▶ [Provided data]:
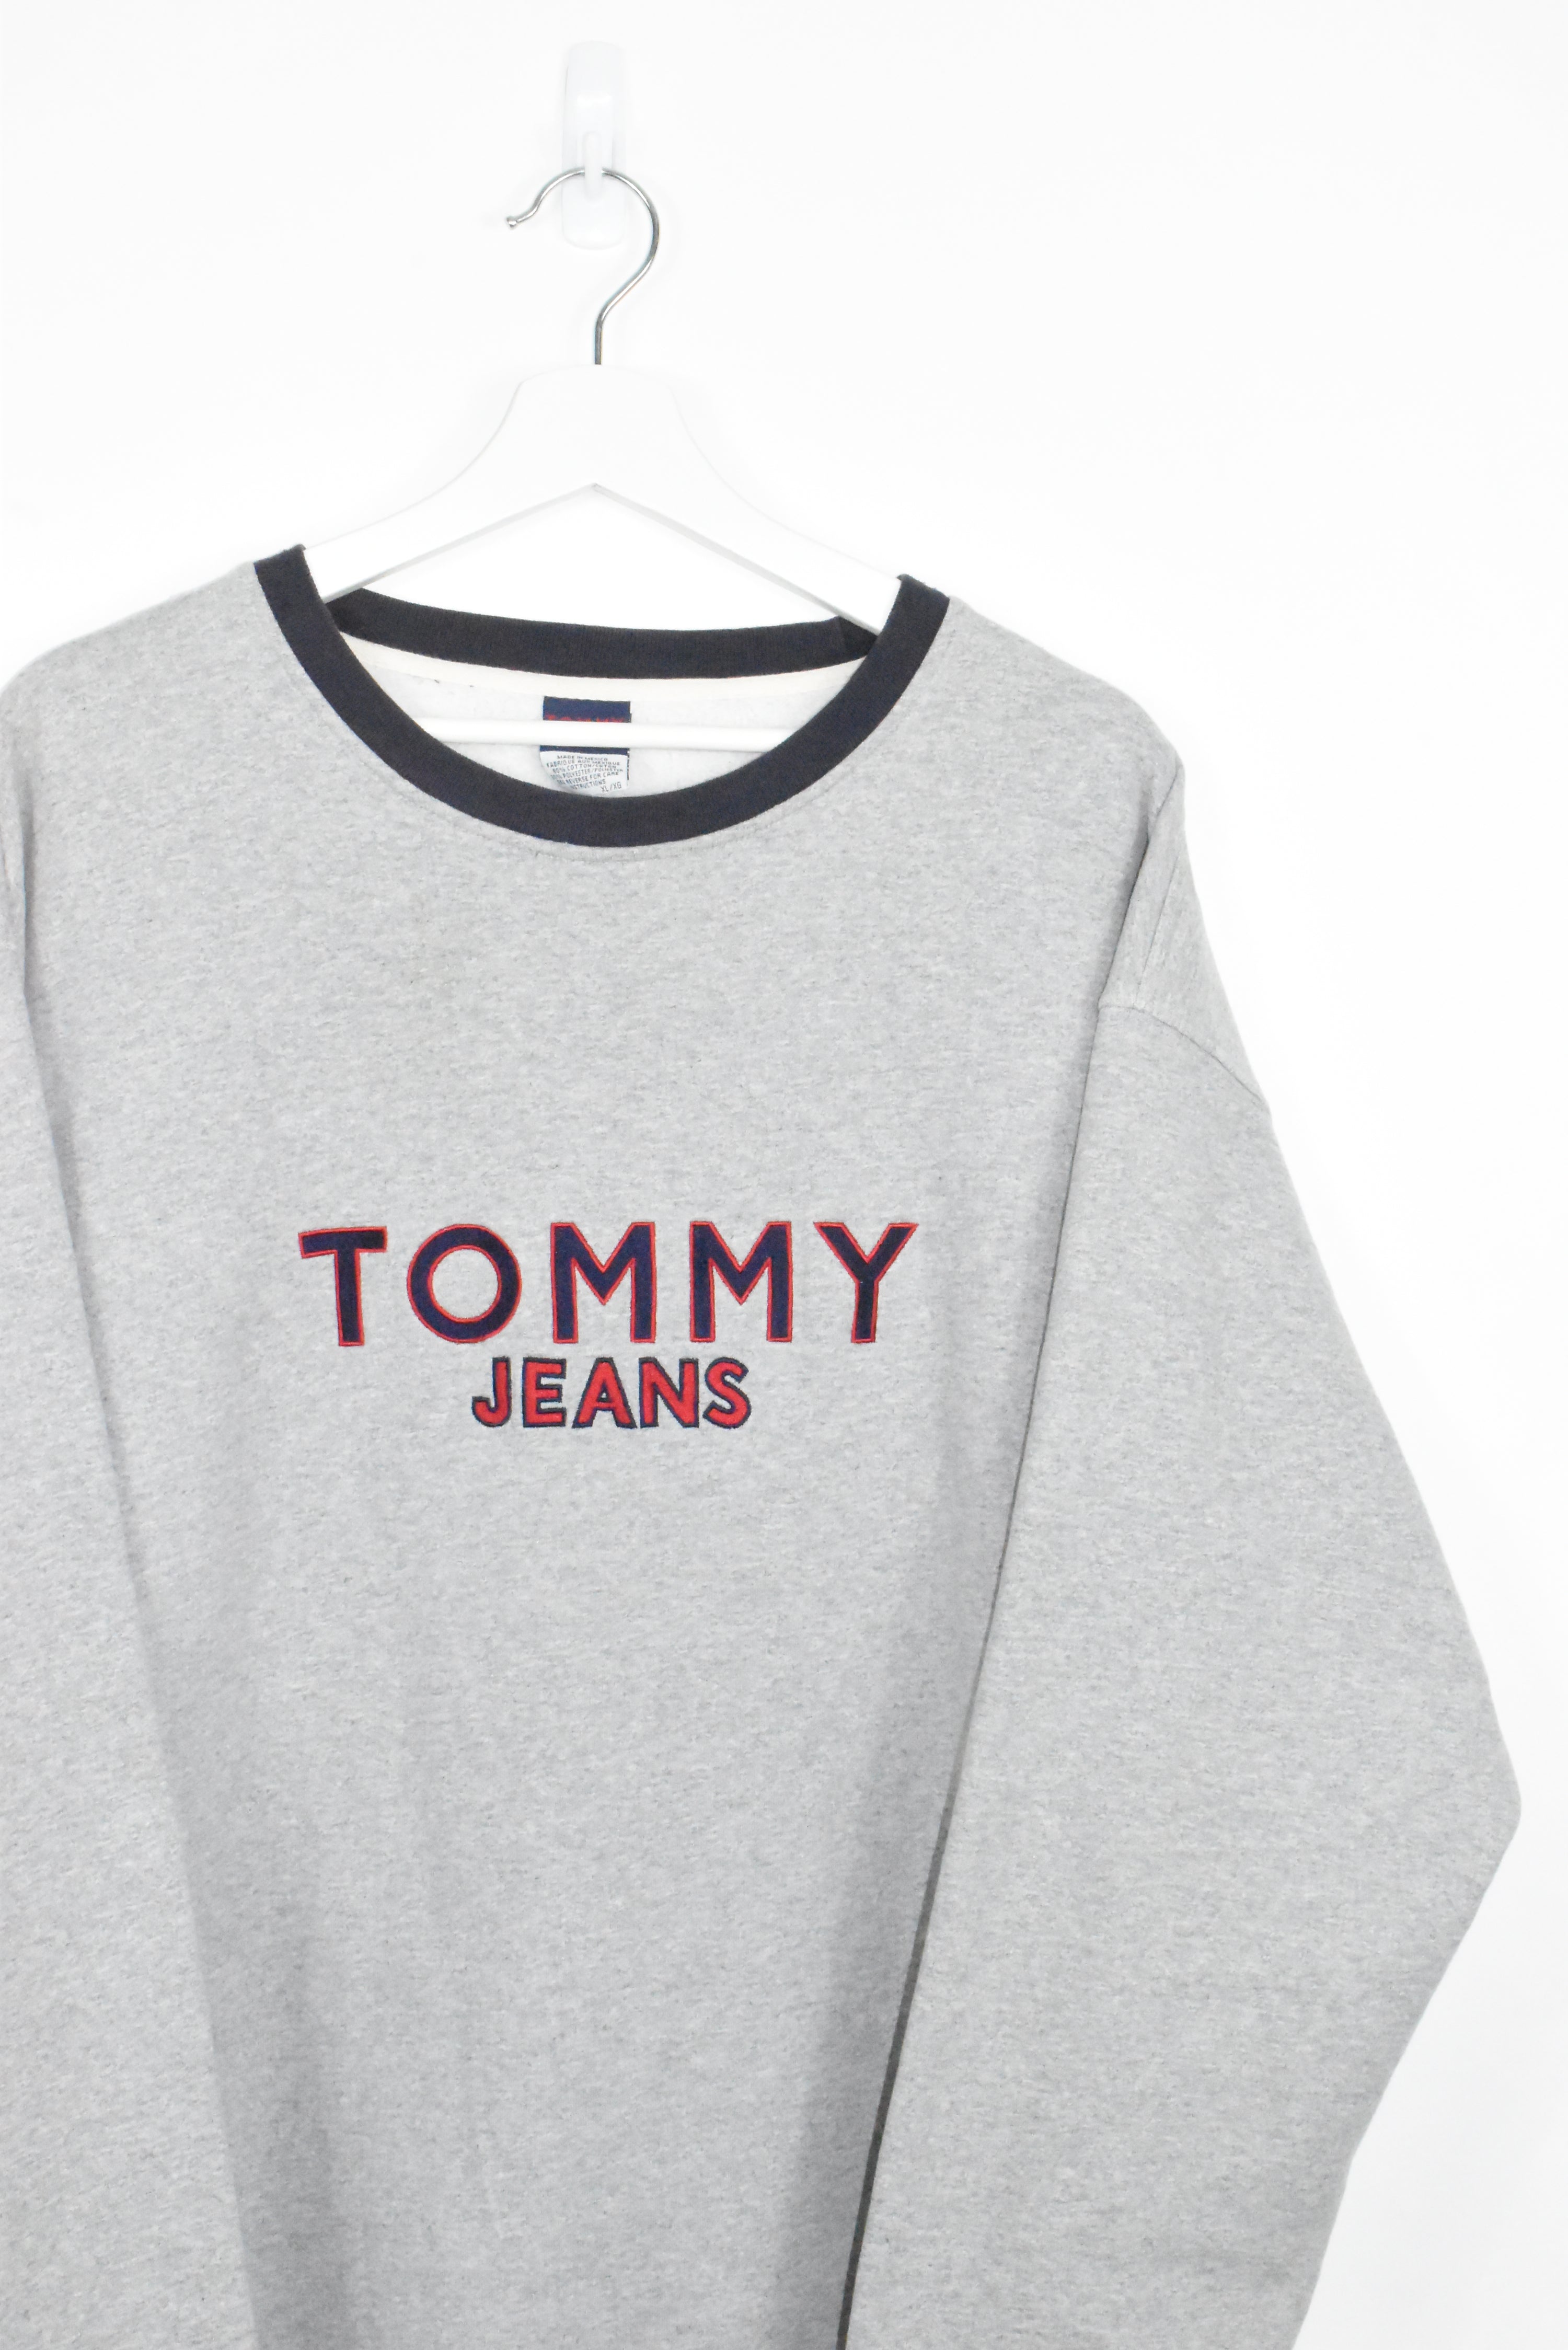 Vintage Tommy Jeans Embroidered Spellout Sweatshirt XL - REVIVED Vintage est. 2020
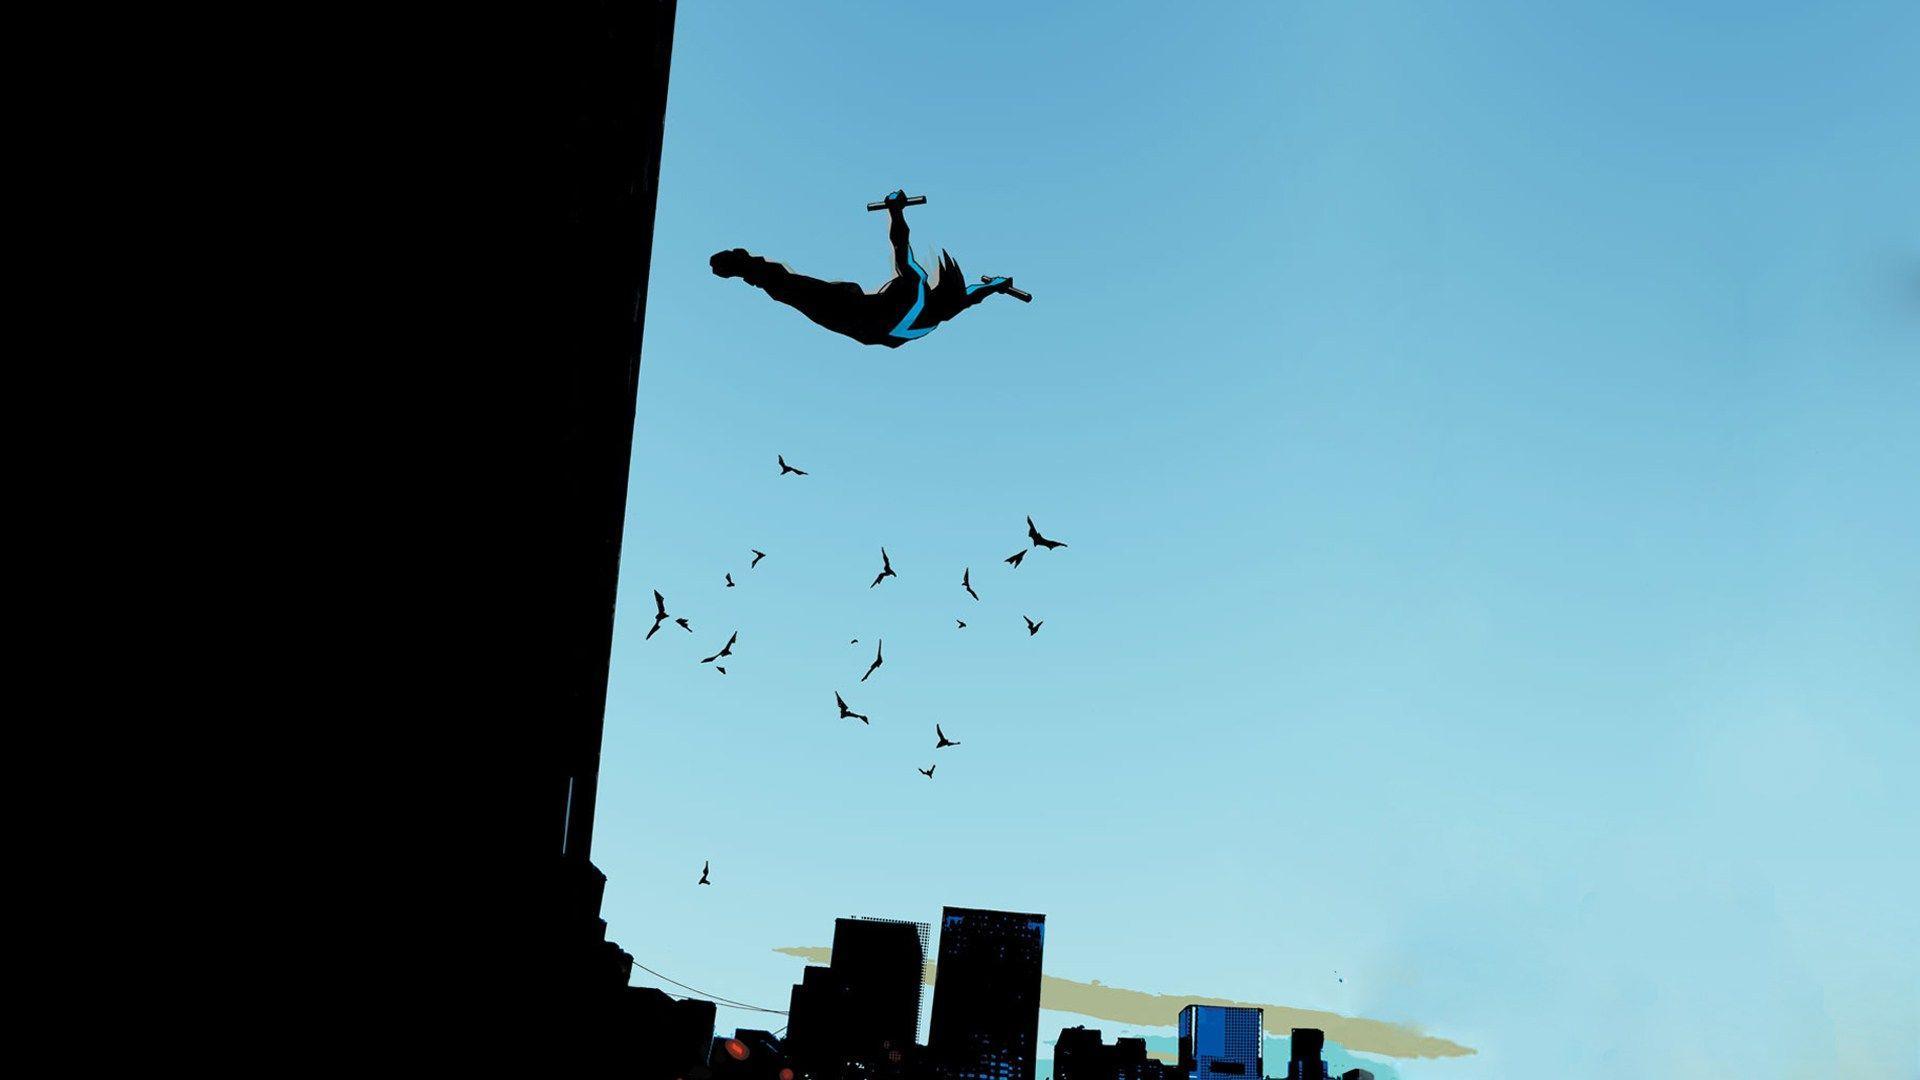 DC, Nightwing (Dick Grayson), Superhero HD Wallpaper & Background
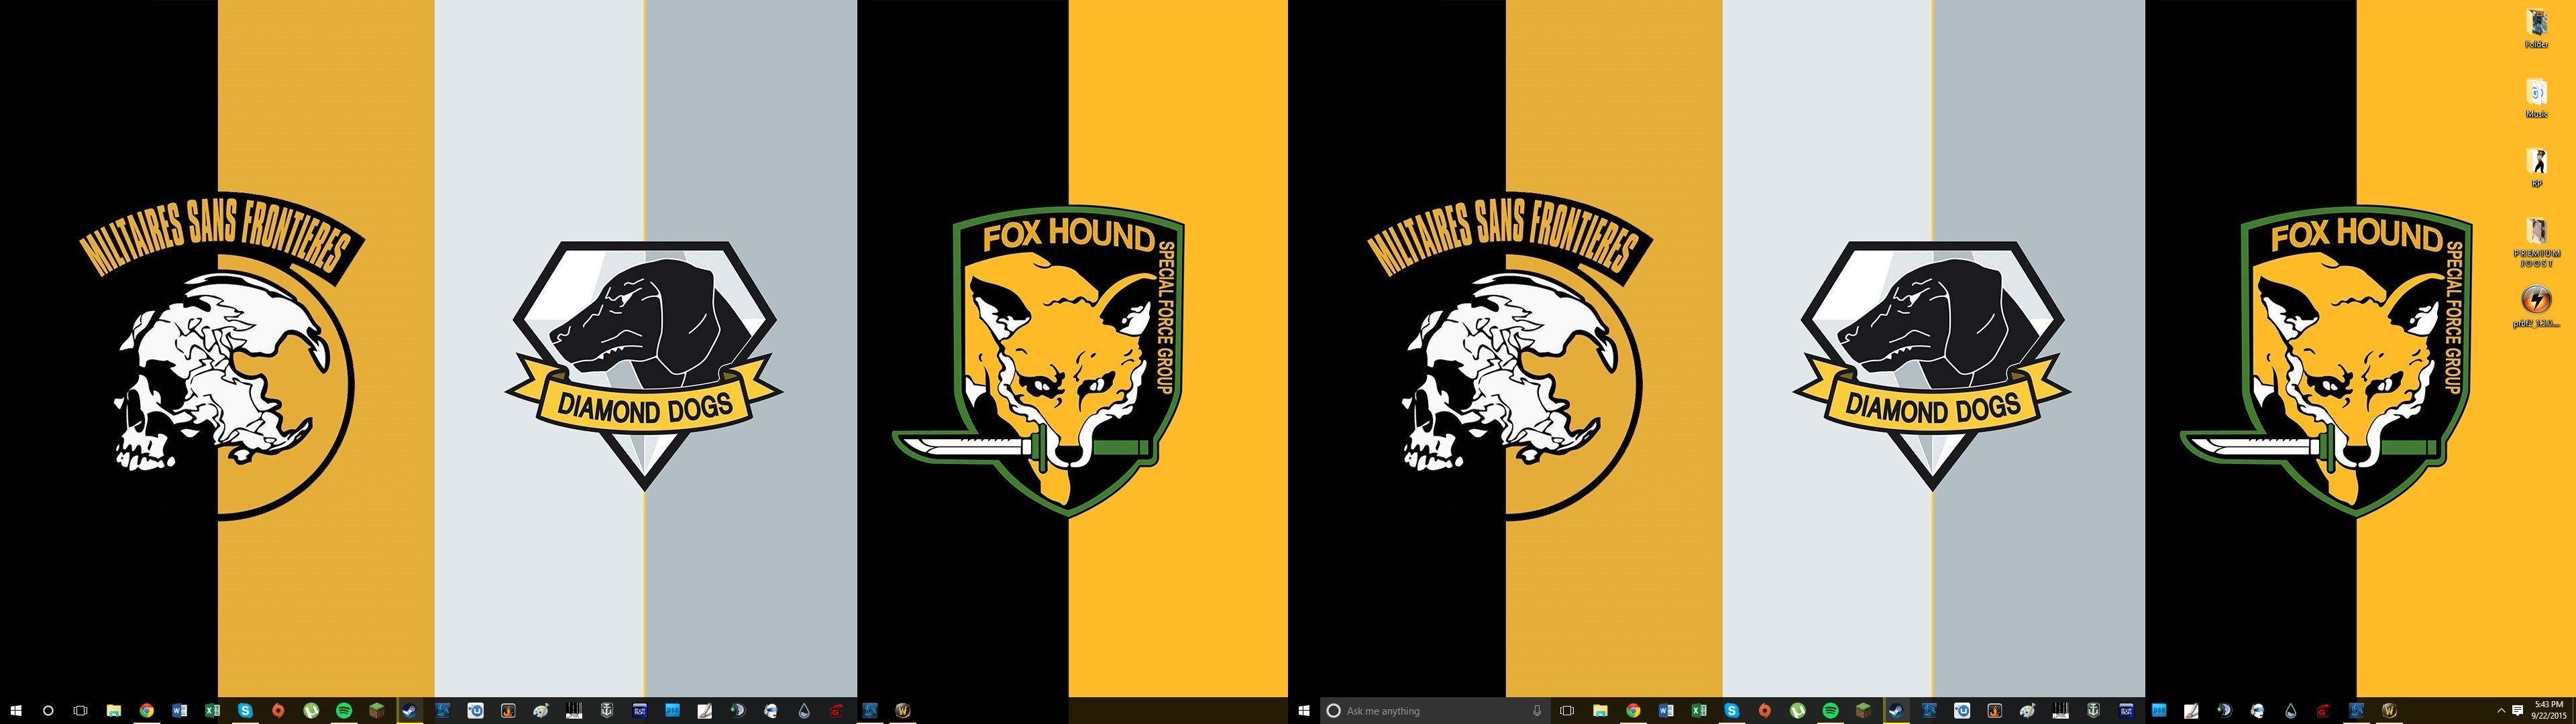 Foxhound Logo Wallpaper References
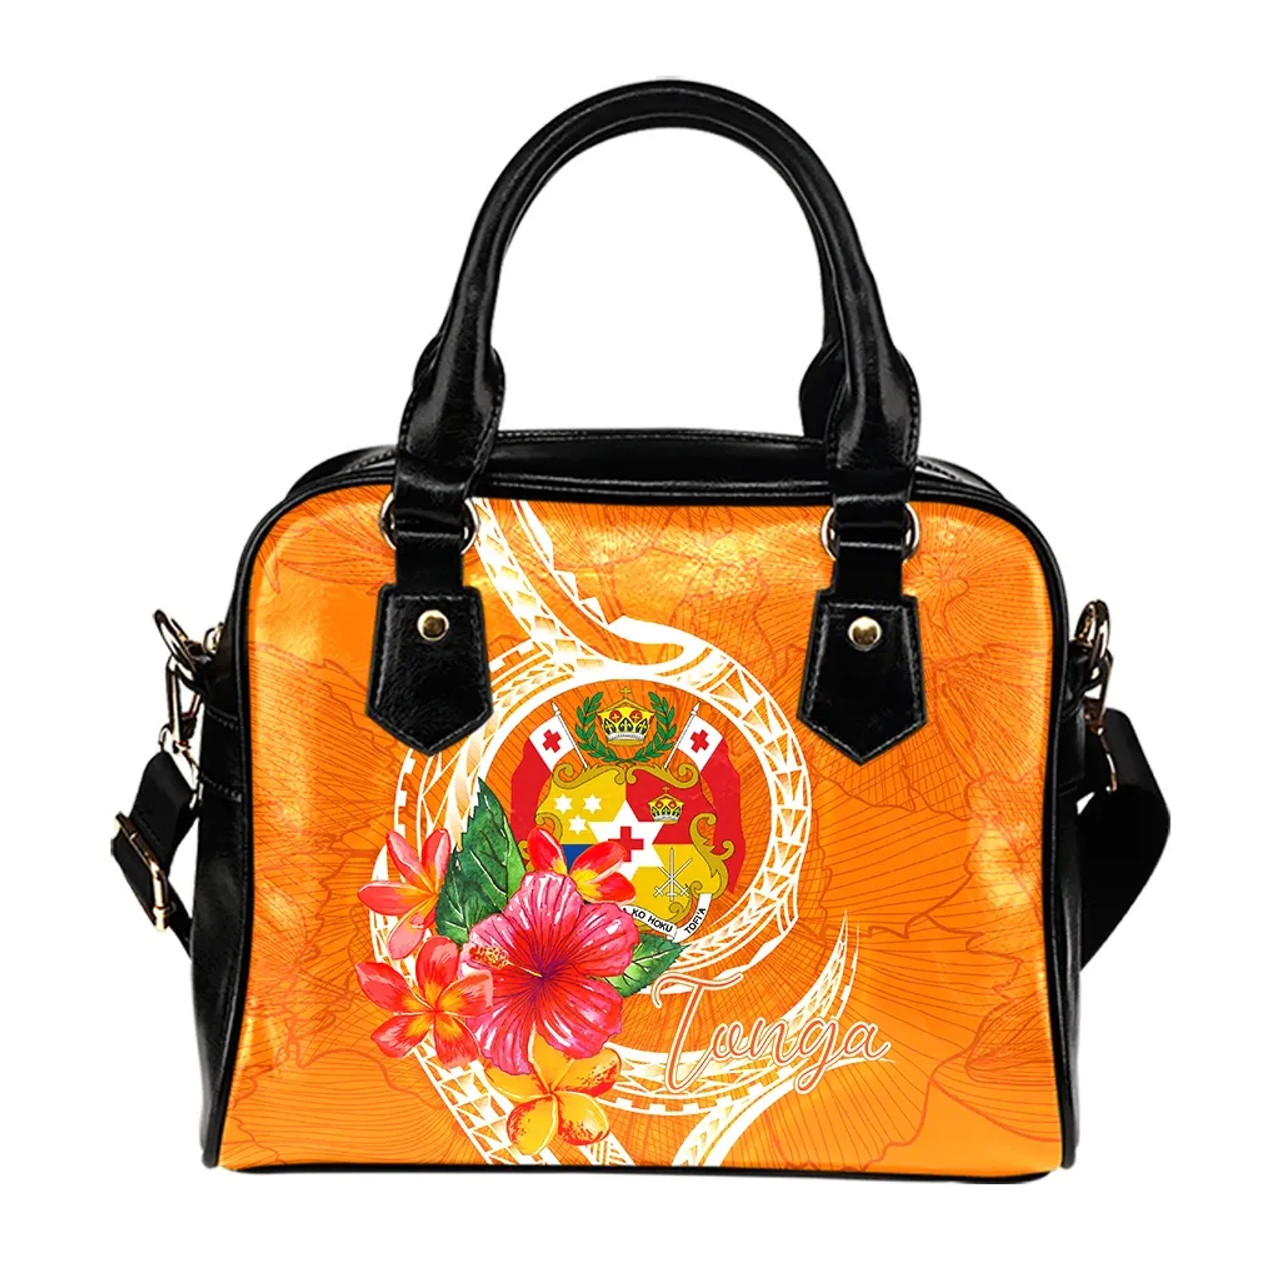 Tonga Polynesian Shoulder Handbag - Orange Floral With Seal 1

▶ [Your instructions]:
Write out the material above again, word for word, minus its pictures.

▶ [Exercise solution]:
 Vintage Tommy Jeans Embroidered Spellout Sweatshirt XL - REVIVED Vintage est. 2020
 DC, Nightwing (Dick Grayson), Superhero HD Wallpaper & Background
 Foxhound Logo Wallpaper References
 Tonga Polynesian Shoulder Handbag - Orange Floral With Seal 1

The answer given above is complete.